All this good weather and hints of spring? Hahaha...big snow coming tomorrow , followed by frigid temps, or so the weather bug tells me.





I'll be busy with my Wild Geese spacers. Mo is practicing wearing his Mad Pilot hat. We're ready.


PS Mo's current trick-in-training is to dance on his hind legs, and to pirouette!  He's got the dance down, but the spin needs work, hahaha. I think he knows there's a pink tutu in his future...



love

lizzy

gone to the beach...

















Friday, May 20, 2016

Pansies, Herring Moon, Horseshoe Crabs



Hello! May is rushing by, isn't it. Next week, summer begins, ready or not!



Here at the beach, May is pansy month, their little sweet faces filling garden corners as the tulips and daffs fade into memory.






I've always adored pansies and their dear little cousins, violas, or Johnny Jump Ups as we called them when I was a little girl. Every spring I'd beg my dad to plant pansies...."No, too hot, they'll bolt." He was adamant. Until we lived in Cape Cod, where, as here, the cool salt air Spring is perfect for growing pansies.






I usually get a pot or two, they do make me smile. I'm happy when I find assortments like this, I have such a hard time choosing. I like to put them in my funny old pink crock.


I bought my pansies at least a month ago, but they've just been huddled shivering on my deck til this week.

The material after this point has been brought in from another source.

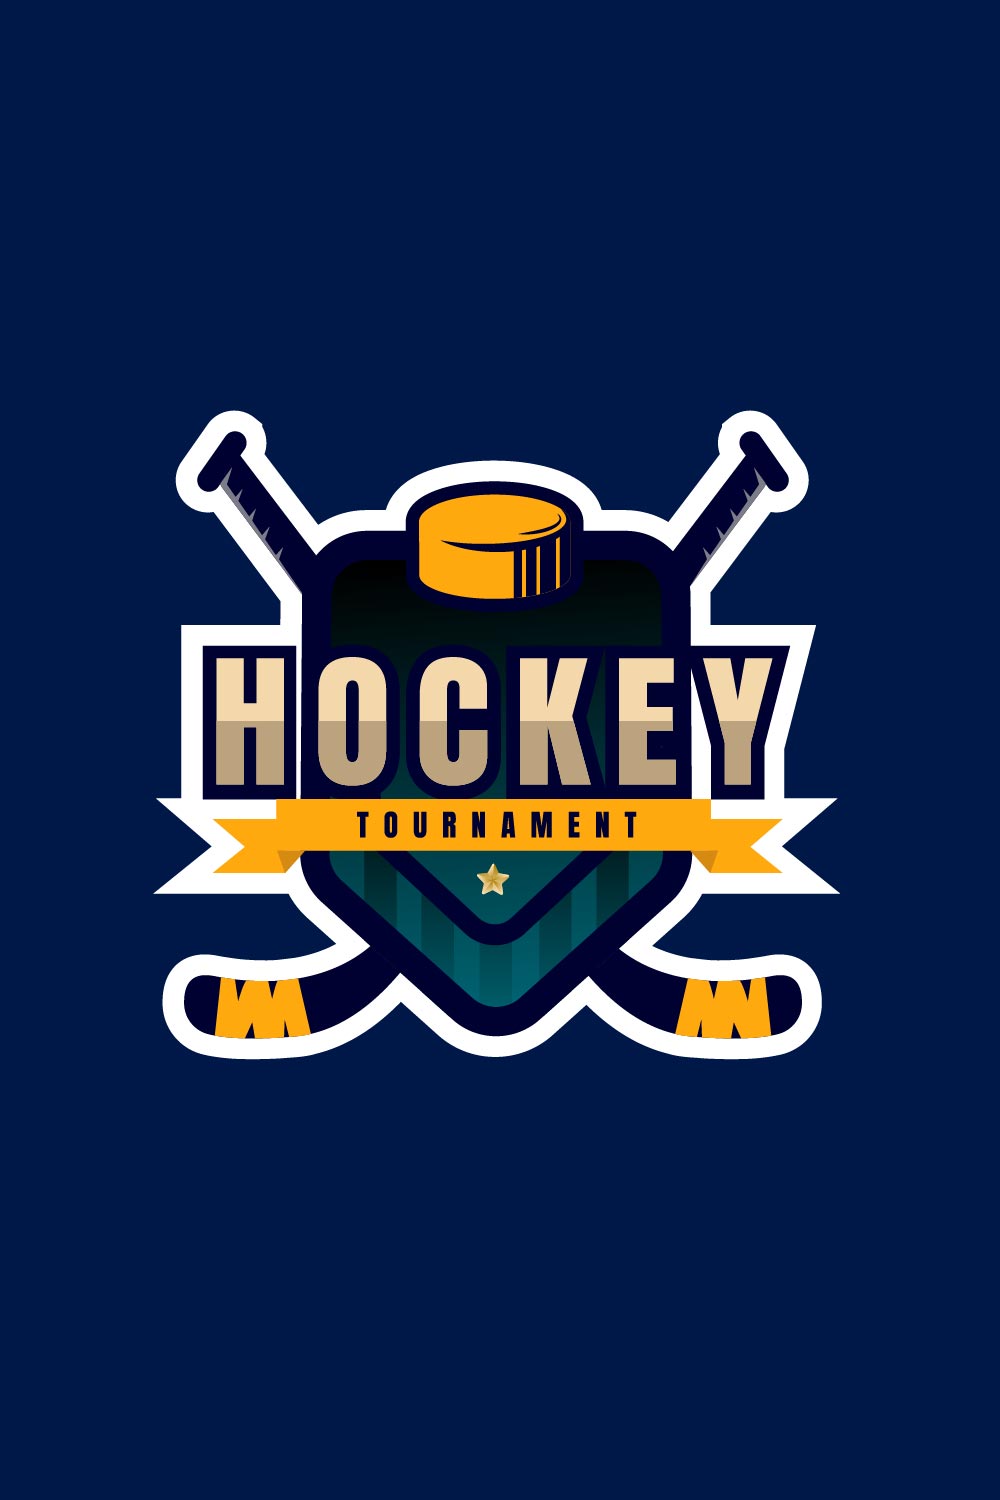 Ice Hockey Club Logo, Badge Design pinterest image.

It's chilly and windy but there's been enough sun for me and Mo to sit outside and sew on Summertime and Dotty, an hour here and there.

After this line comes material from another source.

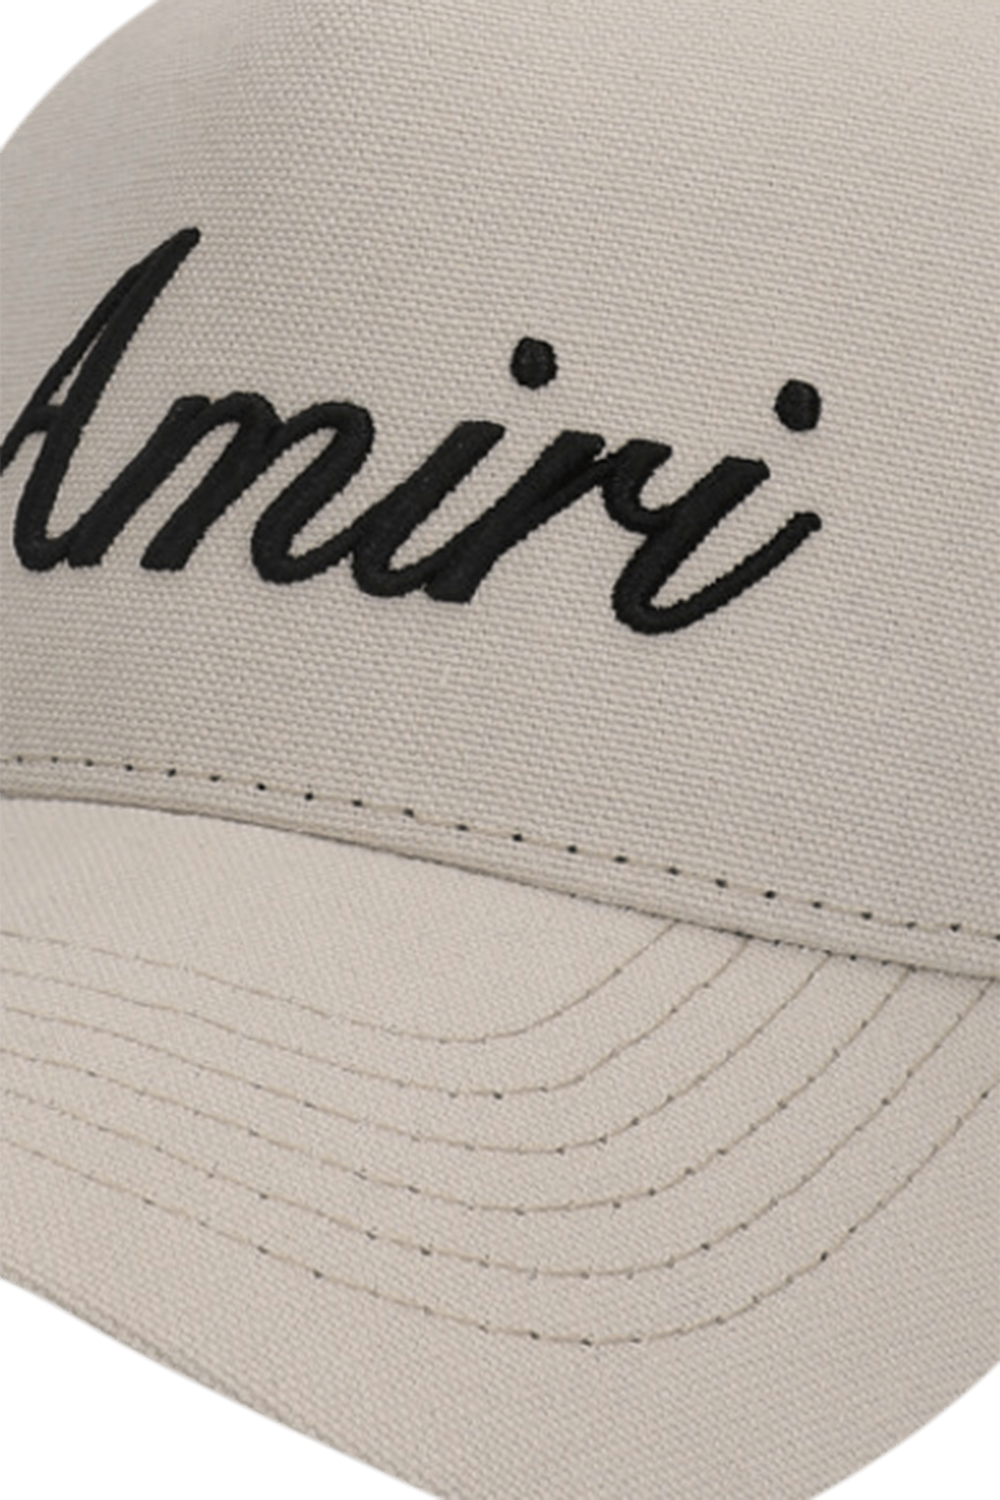 כובע מצחייה טראקר עם רקמה AMIRI

Enough blooms now for some tiny bouquets.


I tuck the flowers into little seaglass bottles I've beachcombed over the years.


I especially love this bottle.


It's actually a 1930s-ish art deco salt shaker. Like from a roadside diner. It's wonderfully sand blasted on all the ribs.  I imagine  it, long ago, being tucked into a picnic basket to salt the fresh corn and tomatoes, or even the watermelon. Then it rolled off the beach blanket, into the sand, and was left there on the beach for maybe 80 years, until I found it and brought it home. To me a treasure. [but is it happy to be back on my kitchen shelf? Or did it love the freedom of living wild and unfettered all alone on the beach? Oh dear. Maybe it wants to go back?]


Summertime's borders are going steadily but slowly.




A learning curve here, it's good to learn new things [Itell myself hopefully]--like how the flowers and birds have to be sewed before the long garland stem, because they must tuck under; the baskets' stars have to go on last---and must be lined with opaque Pellon so they don't shade through and look messy, because the stems go in behind the baskets, which must be left open. Then the yoyos!? They will wait until everything is done, even the binding and washing, after the quilting is done. Only then can I sew on my adorable yoyos from from Sue, and the birdies' eyes and the stamens in the morning glories.
Not pressed because the stem line is drawn in Frixion pen....


Patience is key.


Are you a patient person? Do you think it's a needed trait to be a sewer or a quilter, a cook, a gardner, a mom? Do you value patience in others? Or is it just...boring?

love


lizzy

gone to the beach.....

PS full disclosure: I am very patient with a project, or with animals and children. I'm okay with traffic delays even. But I won't wait even a  minute at a store, to pay for something. Grocery store excepted. LOL.


Tonight the Moon is full. The May moon is called the Flower Moon, though I have always known it as the Herring Moon, when the herring swim from the ocean, upstream into the freshwater creeks, to spawn.





Tonight and tomorrow at low tide, the ancient horseshoe crabs will crawl ashore and lay their eggs. They slowly rotate and dig a hole that they somehow line with a sand and ''glue'' substance, and the females deposit their hundreds of eggs. Some will be food for the plovers and terns, but many will become crabs, big as a trashcan lid! Life's circle.